They may prove to be the correct choice.

Now, I have a question for the more experienced: All the formulas from physics, speak about Mass, as opposed to Weight. However, when looking up various references which specifically speak to sizing things in the EV world, it is not clear if they actually use the Weight or the Mass.

For example, this spreadsheet: 

http://www.cameronsoftware.com/ev/EV_CalculateMotorSize.html

they have a macro that arrives at the power to maintain speed on any given grade (use 0 for flat). However, going back to my multitude of physics classes, all those equations use MASS, not WEIGHT. Yet, if I take the GVW for my intrepid RV of 15000 lbs (weight, as determined on a scale), and convert it to Kg (2.2 kg/lb) and then factor out gravity (9.8 m/s^2) I get one number, and if I leave in the gravity (weight) I get another one - as one would expect.

So, to run my not so incredibly large box down the road at 65 mph on an impossibly horizontal run of road should require either 90 KW or 104KW, and the power to accelerate to speed over 19 seconds is either 15KW or 153KW - this makes sense as we are talking factors of 10 more or less. But this is a big difference in sizing both the motor and the pack to drive it.

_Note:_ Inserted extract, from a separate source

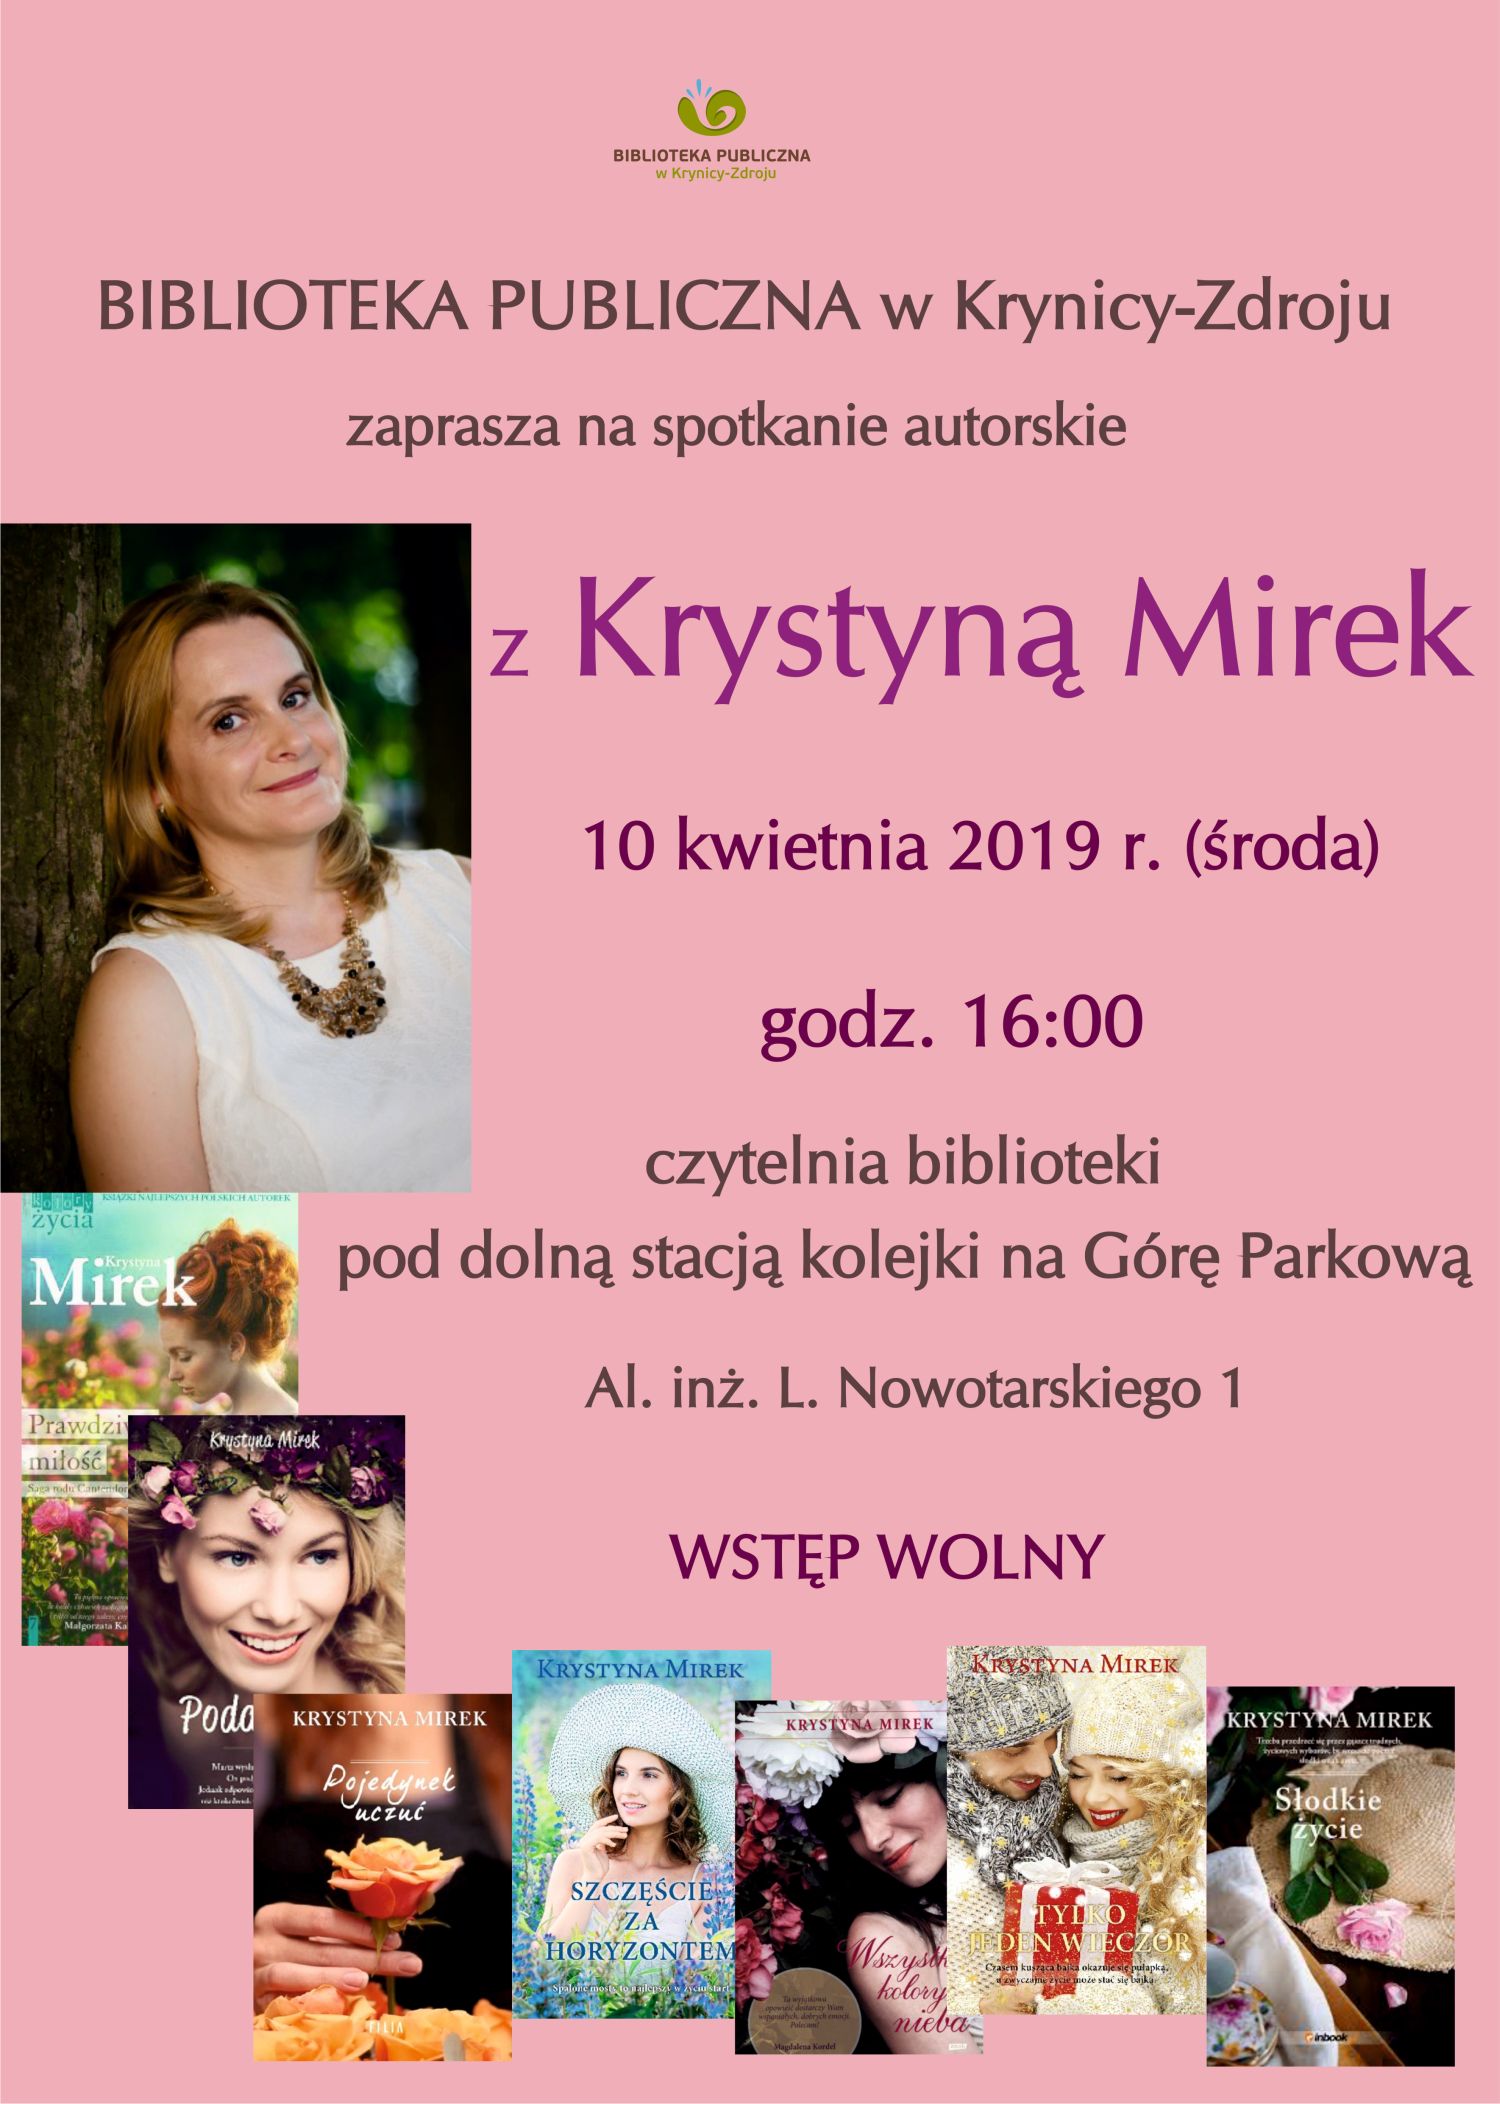 Spotkanie autorskie z Krystyną Mirek

I am going to suggest that they did factor out gravity as the power required for level flight from the sheet is near the scratch pad numbers I came up with on my own....but, some words from someone who's been there would be grand....just to restore my sanity.... cuz mass is weight by 9.8 after all (okay, I'll stop trying to be witty) 

Thanks.


----------



## Wickedtrucker (Jul 28, 2010)

whoa dude how bout dumbing that down for us mentally disabled. anyway I have a question where are the batteries going that you plan on putting on that RV? I always thought they used every bit of space in those motorhomes for creature comforts. Anyway it's an awesome idea my brother has been wanting to build one of those for almost 10 years now. But he wanted to keep it completely off grid.


----------



## tomofreno (Mar 3, 2009)

Multiplying by the conversion factor of 2.2 lb per Kg converts a mass to the approximate force, in Pounds, due to gravity on that mass, or it's approximate weight at earth's surface. So there is no need to then divide by the acceleration of gravity, 9.81 m/sec squared.


----------



## Tronthor (Aug 2, 2010)

Well,okay, here goes...

For those of us not so mentally deranged as me (shouldn't be hard, I'm nothing if not deranged), I was talking about the difference between weight and mass.

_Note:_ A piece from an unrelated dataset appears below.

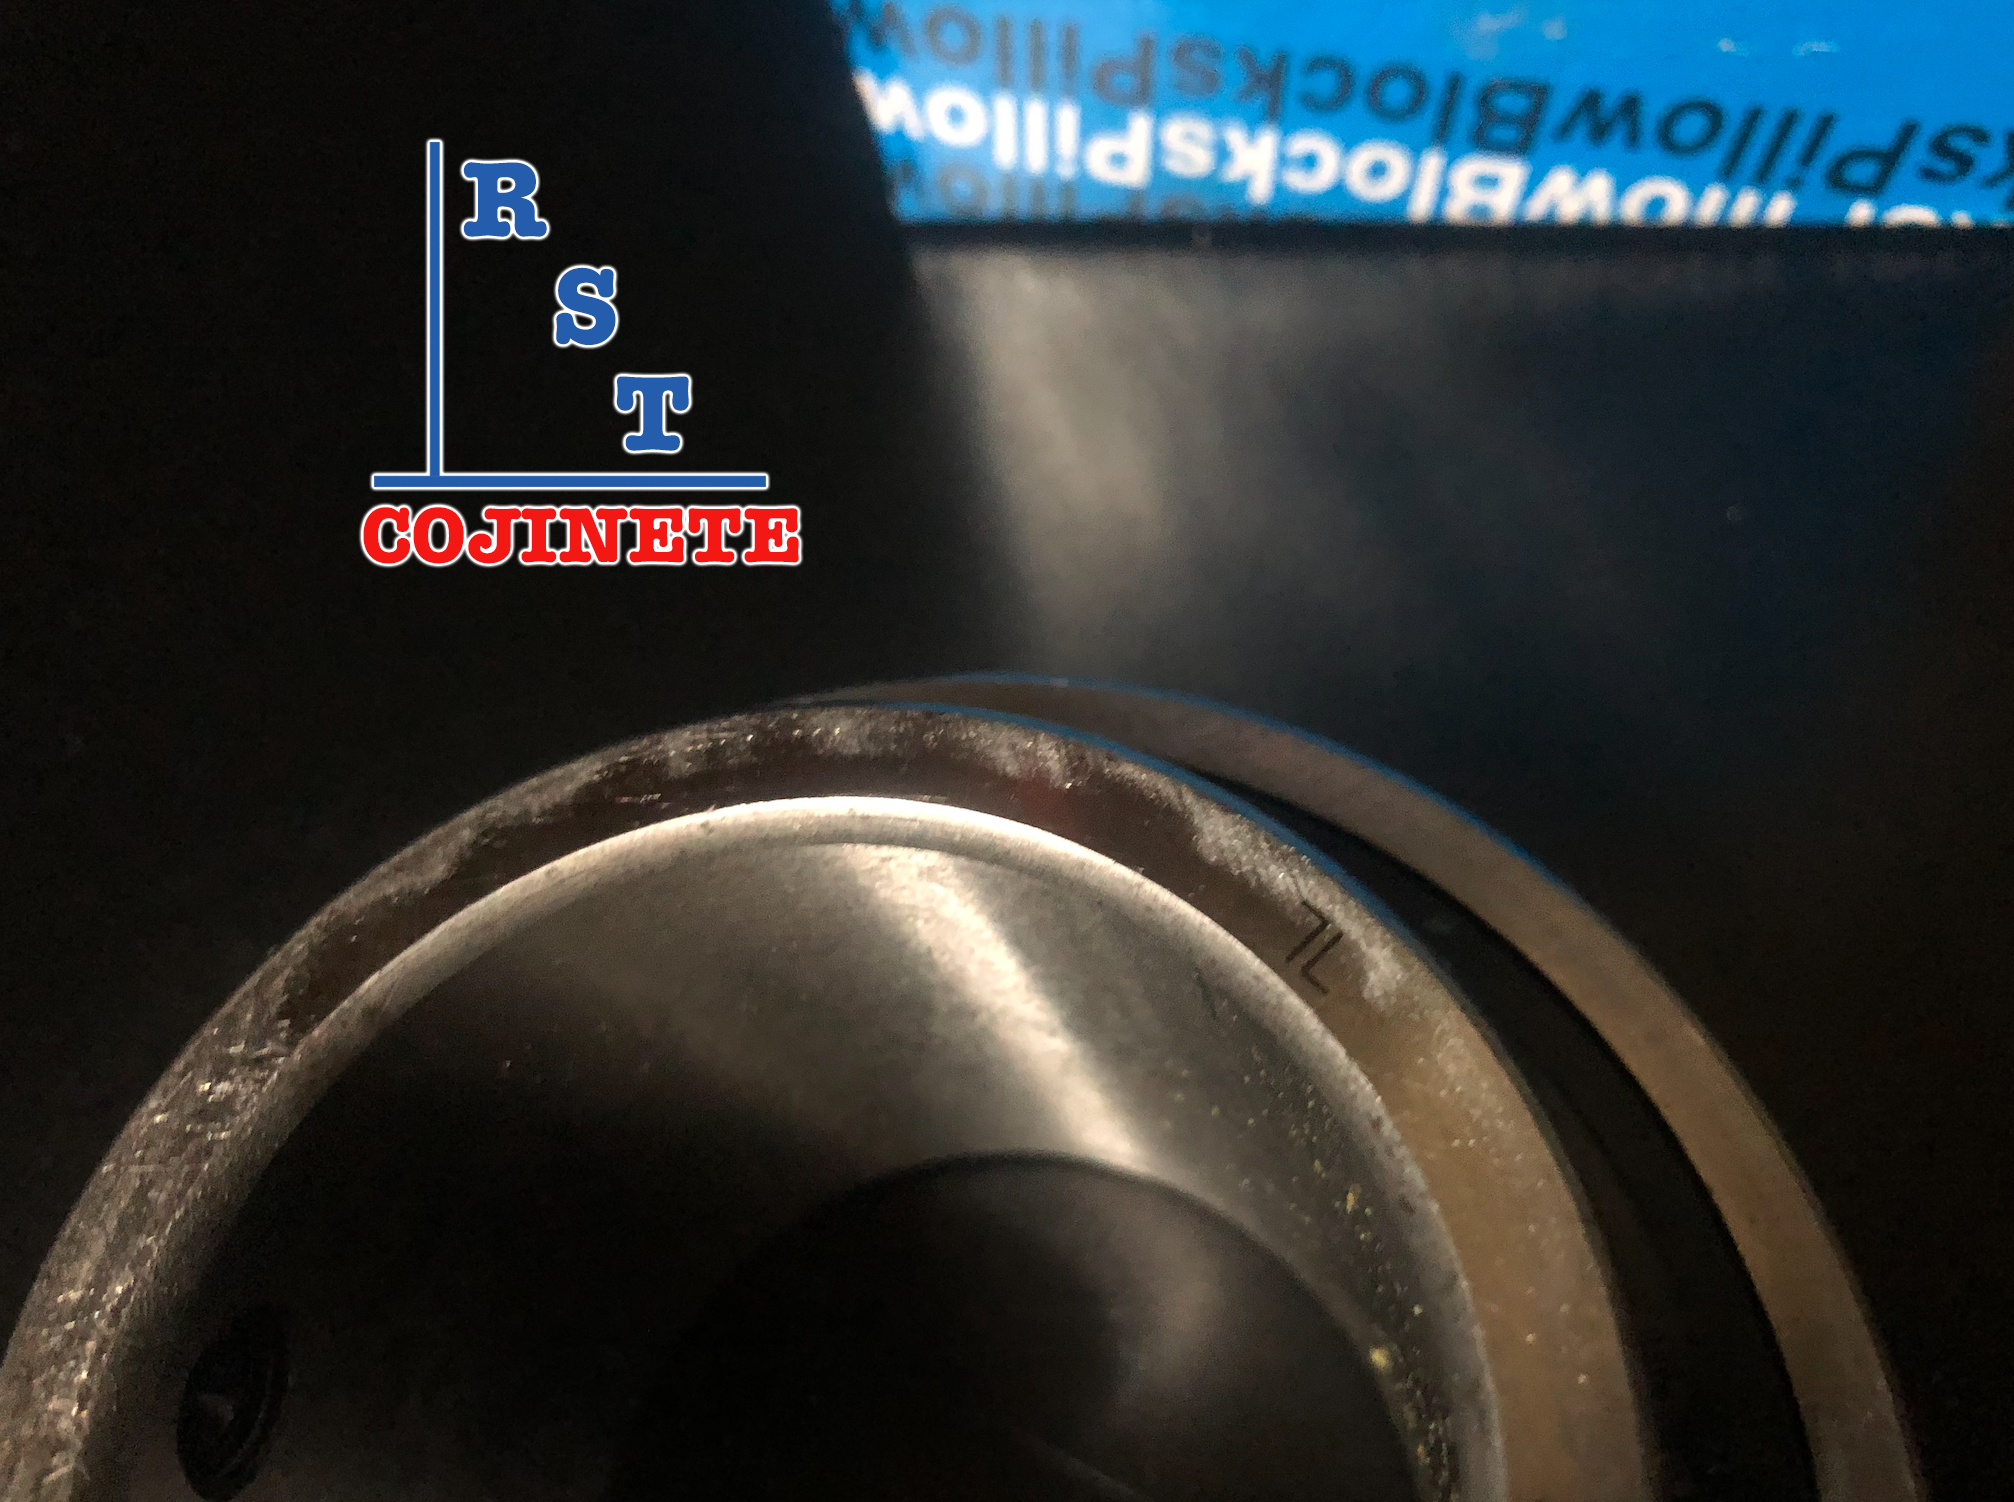 Cojinete insertable UC208-24 | Rodamiento para eje de 1-½" rígido de bolas con sello de hule para chumacera

Mass - a quantifiable characteristic of matter. It is a constant for any given "thing" regardless of where it is. Mass is an inertial property, and as such is related to what magnitude of force is required to change its direction 

Weight - a measure of the effect the local gravity on a mass.

Example: Here on Earth, my motor home weighs 15,000lbs GVW, on the moon, my RV would tip the SAME scale (assuming we took it along for the ride) at 2,500lbs.

Whereas on the ride between Earth and the Moon - once we were coasting and not under and acceleration - the same scale would show a weight of 0 lbs. However, the RV would still have it's mass, and that mass would be the same (we are assuming that the RV is a payload and not the thing getting us to the moon in the first place, or else the mass would change as we burn fuel - yep, I was considering being a rocket scientist at one time...told you I was deranged)

The question that I had posed was in relation to the formulas from physics and engineering (well, physics ) in which they require Mass as opposed to Weight. In addition, the link I put up is to a spread sheet where you enter the "mass" and it calculates a bunch of stuff for motor sizing and such. My question there was, is it the mass or the weight since I see these terms get used interchangeably and incorrectly a lot.

Which brings us to the 2.2lbs/kg factor... which is a unit conversion factor for MASS from English units to SI (aka Metric) units which are Kg, or Kilograms - which the spread sheet is written in.

So, applying 2.2 to the GVW (weight) does not give me Kg (mass), it yeilds Kg-force. Technically force is Newtons (N) which is 1 Kg-M / sec^2 or
1 kilogram meter per second squared.

Force is applied energy. F=ma, Force = (mass)*(acceleration) so, in our standard units, ft lbs / sec^2 or foot lbs per second squared

or

mass moved a distance per unit time squared.

this is the force required to accelerate whatever our vehicle ends up weighing (massing to be correct) at a given rate of acceleration. Think of it in that well known 0-60 time.

you can also think of this as weight, since weight is only realized when the force of gravity is opposed. Thus, the force applied by the earth's surface on the bottom of the scale is the same as the mass of the object times the acceleration of gravity (32 feet per second squared is the average for earth, this is 9.8 meters per second squared in SI or Metric units)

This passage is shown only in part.